TASK DIRECTIONS. All that belongs in the answer is the lines from the one containing "Quatre chaises jaune" to the end of the listing below, copied exactly, pictures excluded.

SOURCE MATERIAL.
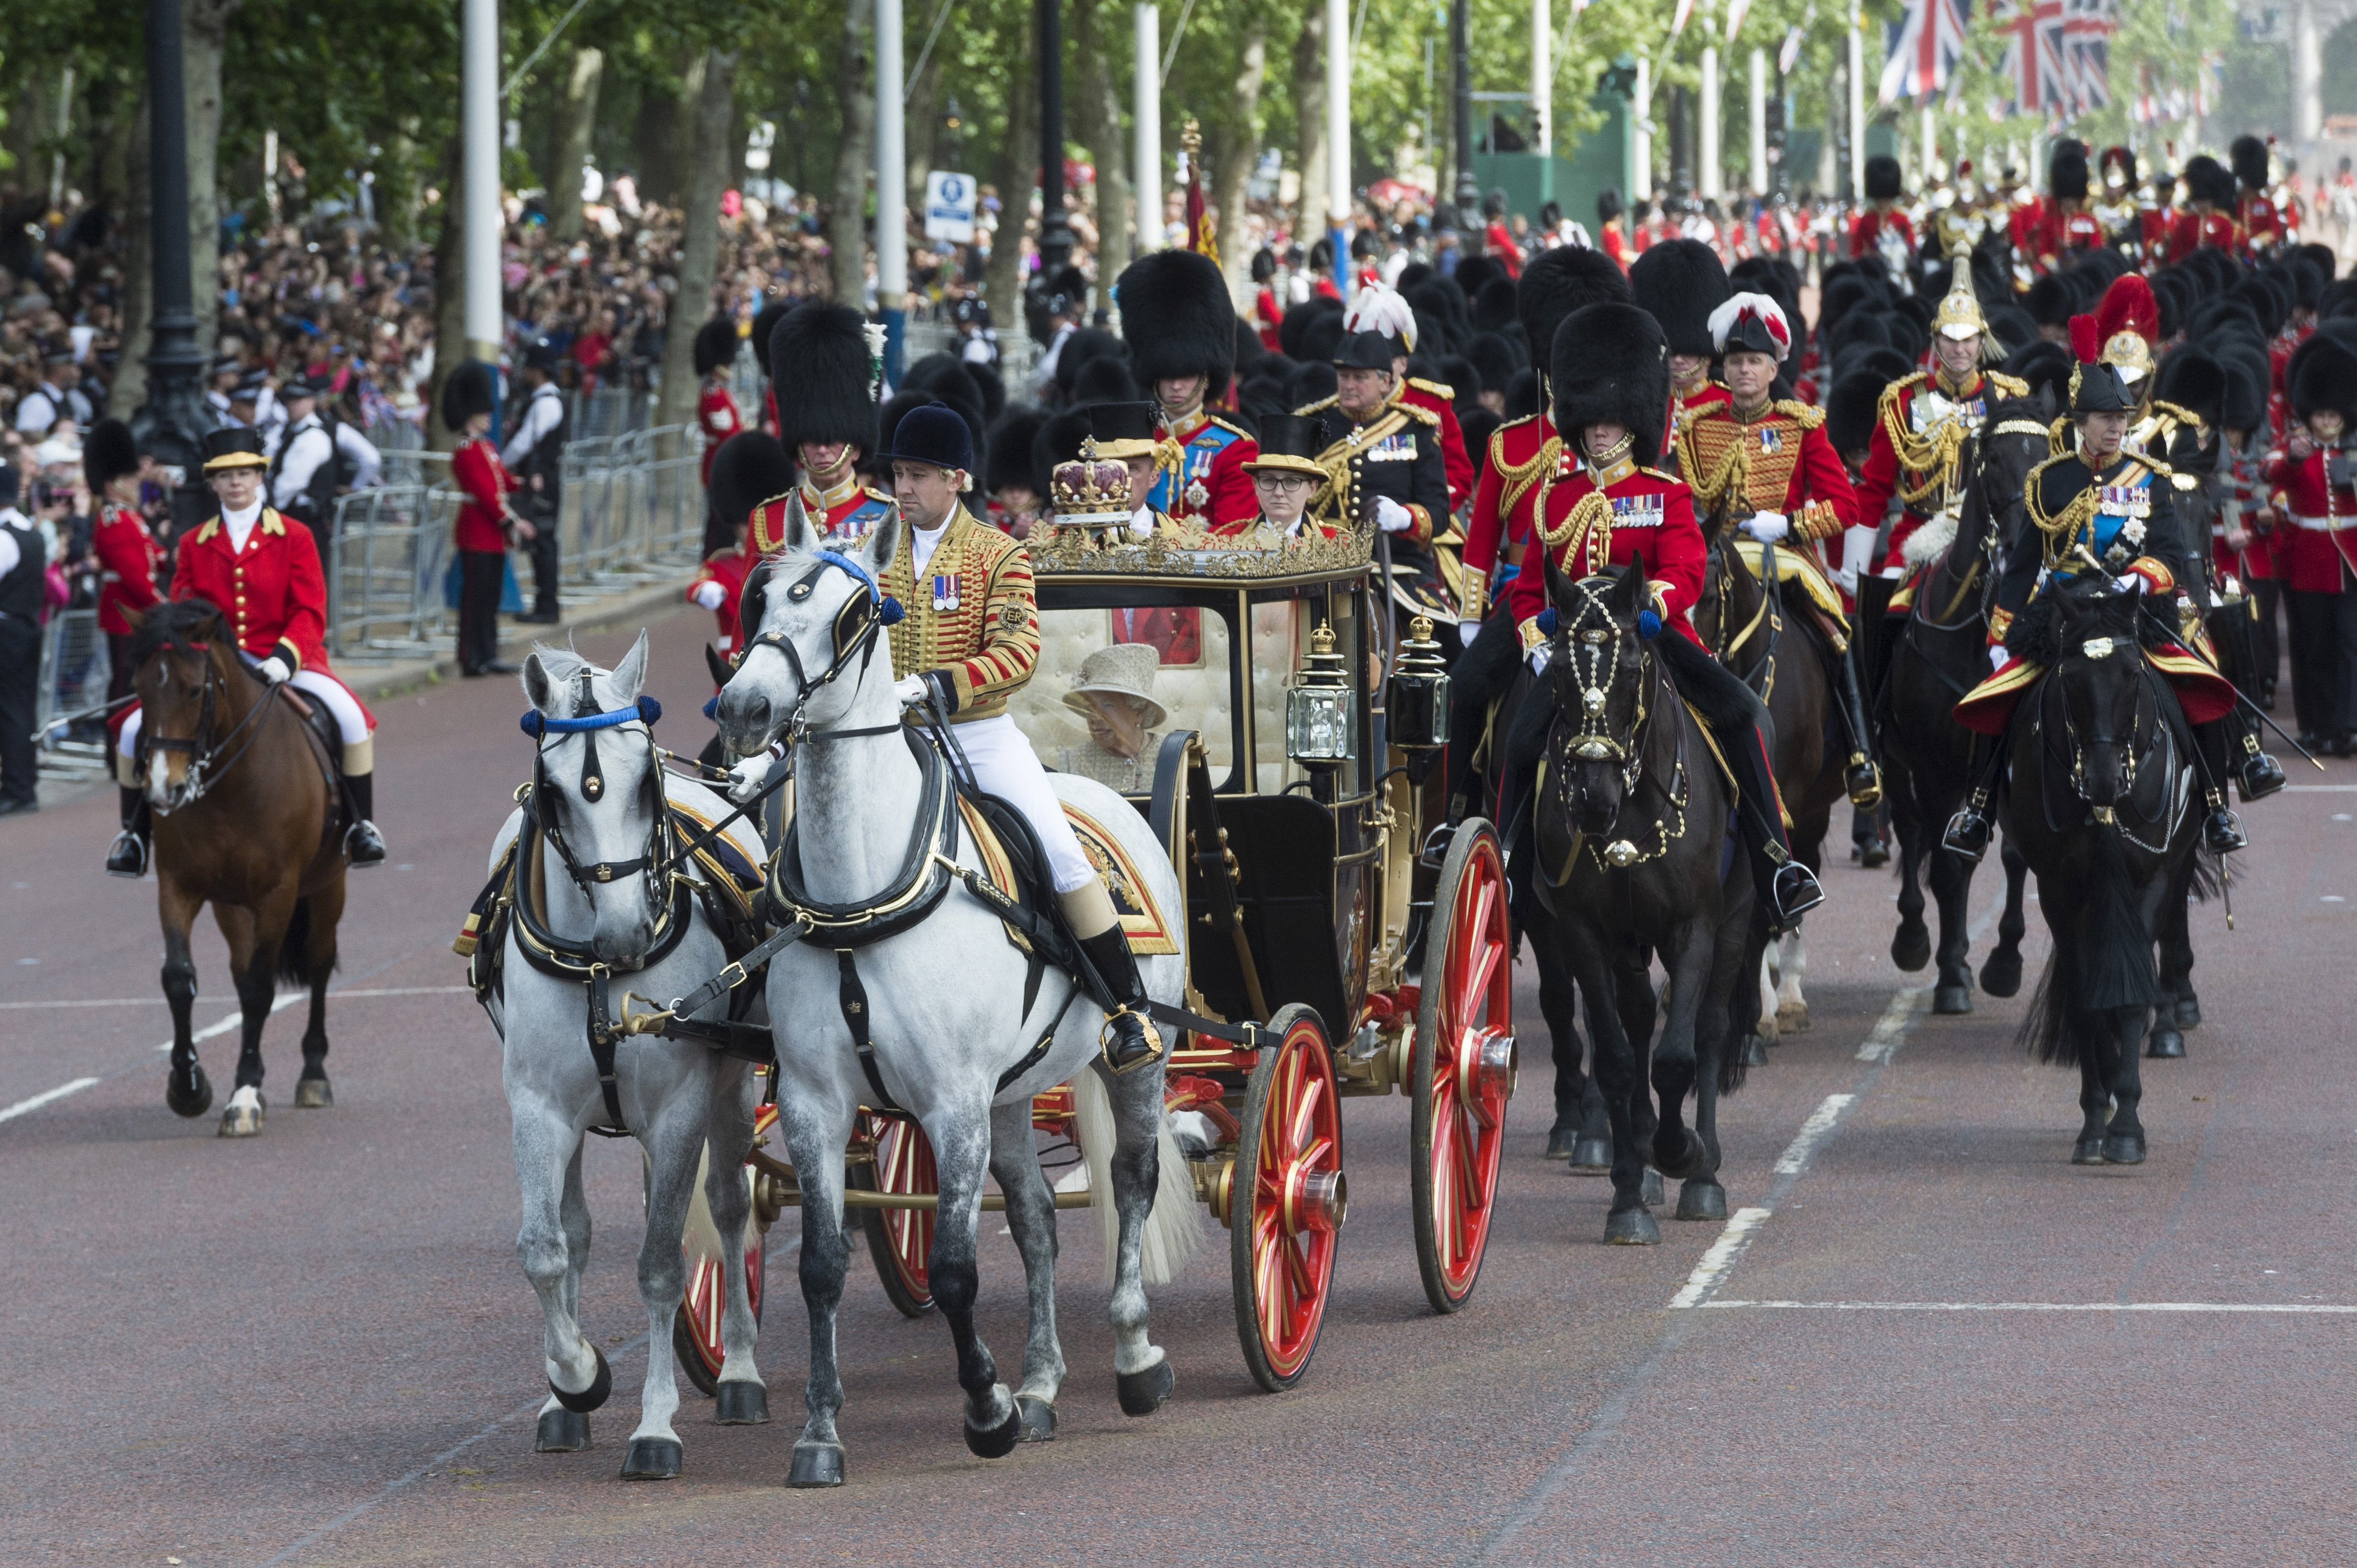 6月8日,在英国伦敦,英女王伊丽莎白二世乘马车返回白金汉宫
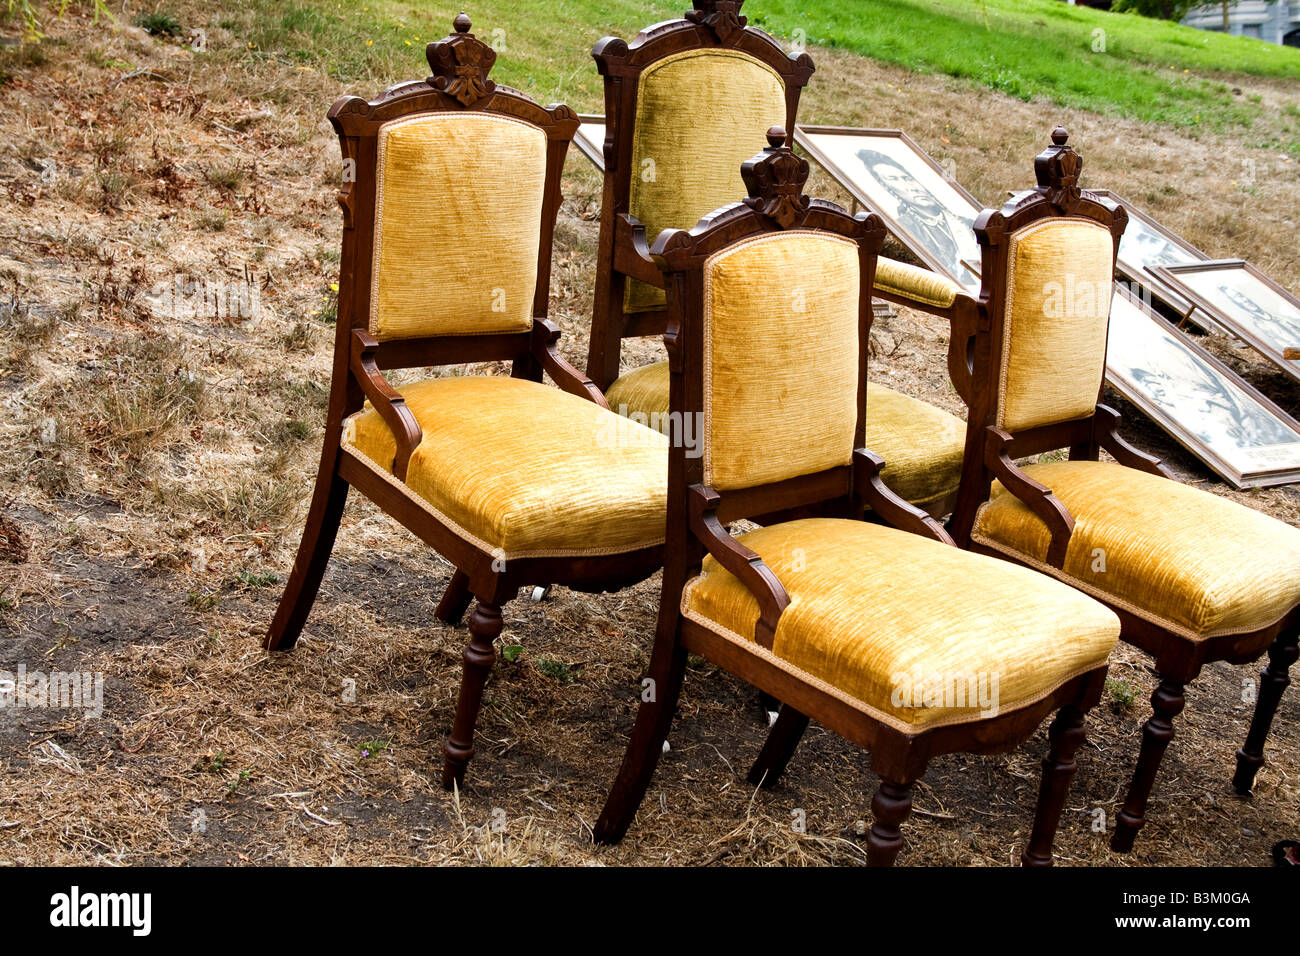 Quatre chaises jaune sur le flanc d'une colline de terre Banque D'Images
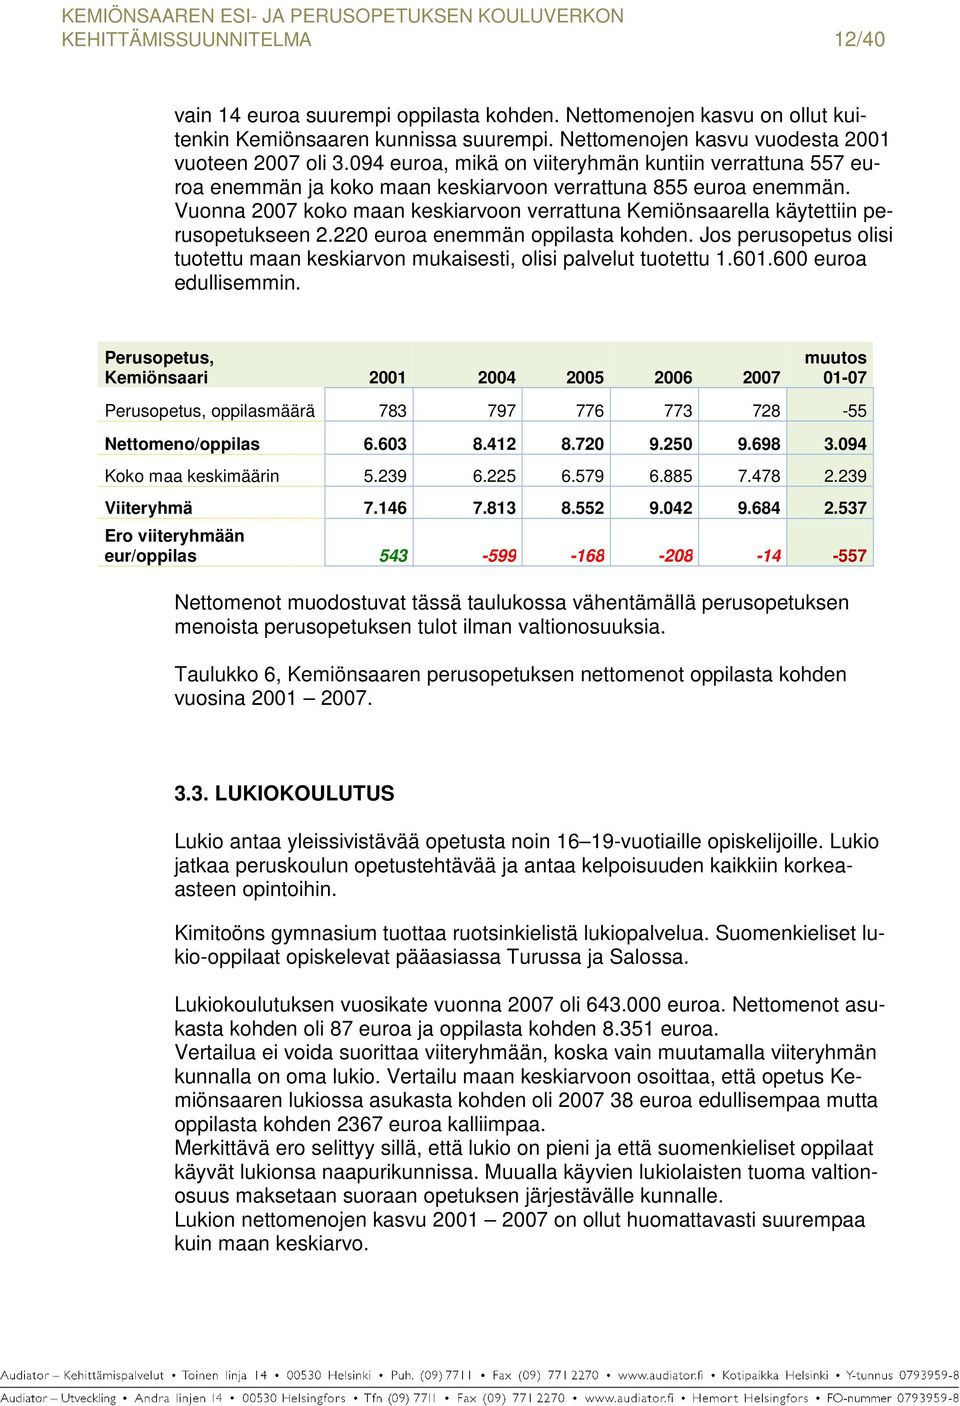 Vuonna 2007 koko maan keskiarvoon verrattuna Kemiönsaarella käytettiin perusopetukseen 2.220 euroa enemmän oppilasta kohden.

ANSWER BOX.
 Quatre chaises jaune sur le flanc d'une colline de terre Banque D'Images
 Vuonna 2007 koko maan keskiarvoon verrattuna Kemiönsaarella käytettiin perusopetukseen 2.220 euroa enemmän oppilasta kohden.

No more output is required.